- Ovett Location within Mississippi Ovett Location within the United States
- Coordinates: 31°29′08″N 89°01′58″W﻿ / ﻿31.48556°N 89.03278°W
- Country: United States
- State: Mississippi
- County: Jones

Area
- • Total: 1.74 sq mi (4.51 km^{2})
- • Land: 1.73 sq mi (4.49 km^{2})
- • Water: 0.012 sq mi (0.03 km^{2})
- Elevation: 200 ft (61 m)

Population (2020)
- • Total: 183
- • Density: 105.6/sq mi (40.79/km^{2})
- Time zone: UTC-6 (Central (CST))
- • Summer (DST): UTC-5 (CDT)
- ZIP code: 39464
- Area code: 601
- FIPS code: 28-54680
- GNIS feature ID: 694284

= Ovett, Mississippi =

Unincorporated community in Mississippi, US

Ovett is a census-designated place and unincorporated community in southeastern Jones County, Mississippi. Ovett is part of the Laurel Micropolitan Statistical Area. As of the 2020 census, Ovett had a population of 183.
==History==
It was first established as a sawmill town in the early 20th century.
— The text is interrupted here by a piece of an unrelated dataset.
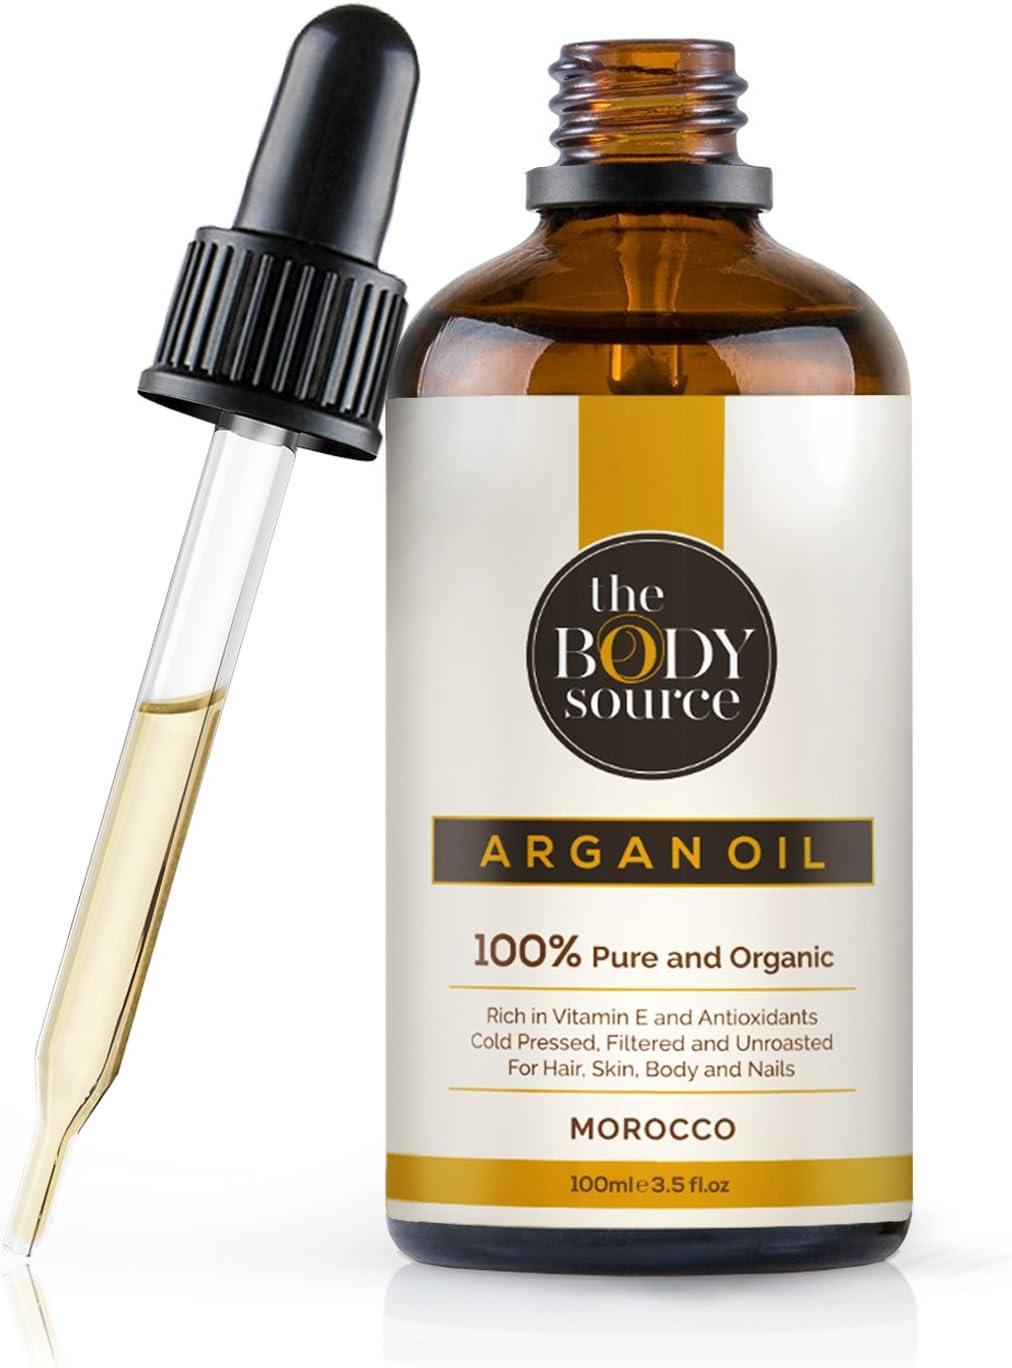 The Body Source - Puro Aceite de Argán 100% Orgánico, Rico en vitamina E y Antioxidantes Adecuados para el Cabello, la Piel, el Cuerpo y las Uñas, 100ml

Ovett is located on the former Gulf, Mobile and Ohio Railroad and was once home to six general stores, a blacksmith, pharmacy, three lumber companies, and two grocery stores.

It was first named as a CDP in the 2020 Census which listed a population of 183.

Camp Sister Spirit, a feminist retreat, is located in Ovett.

==Geography==
Ovett is located just west of the De Soto National Forest and Highway 15. The community has a post office with the ZIP code 39464.

==Demographics==

Ovett was first listed as a census designated place in the 2020 U.S. census.

Historical population
| Census | Pop. | Note | %± |
| 2020 | 183 |  | — |
U.S. Decennial Census 2020

===2020 census===

Ovett CDP, Mississippi – Racial and ethnic composition Note: the US Census treats Hispanic/Latino as an ethnic category. This table excludes Latinos from the racial categories and assigns them to a separate category. Hispanics/Latinos may be of any race.
| Race / Ethnicity (NH = Non-Hispanic) | Pop 2020 | % 2020 |
|---|---|---|
| White alone (NH) | 180 | 98.36% |
| Black or African American alone (NH) | 0 | 0.00% |
| Native American or Alaska Native alone (NH) | 0 | 0.00% |
| Asian alone (NH) | 0 | 0.00% |
| Pacific Islander alone (NH) | 0 | 0.00% |
| Some Other Race alone (NH) | 0 | 0.00% |
| Mixed Race or Multi-Racial (NH) | 2 | 1.09% |
| Hispanic or Latino (any race) | 1 | 0.55% |
| Total | 183 | 100.00% |

==Education==
Residents are in the Jones County School District.

Jones County is in the zone of Jones College.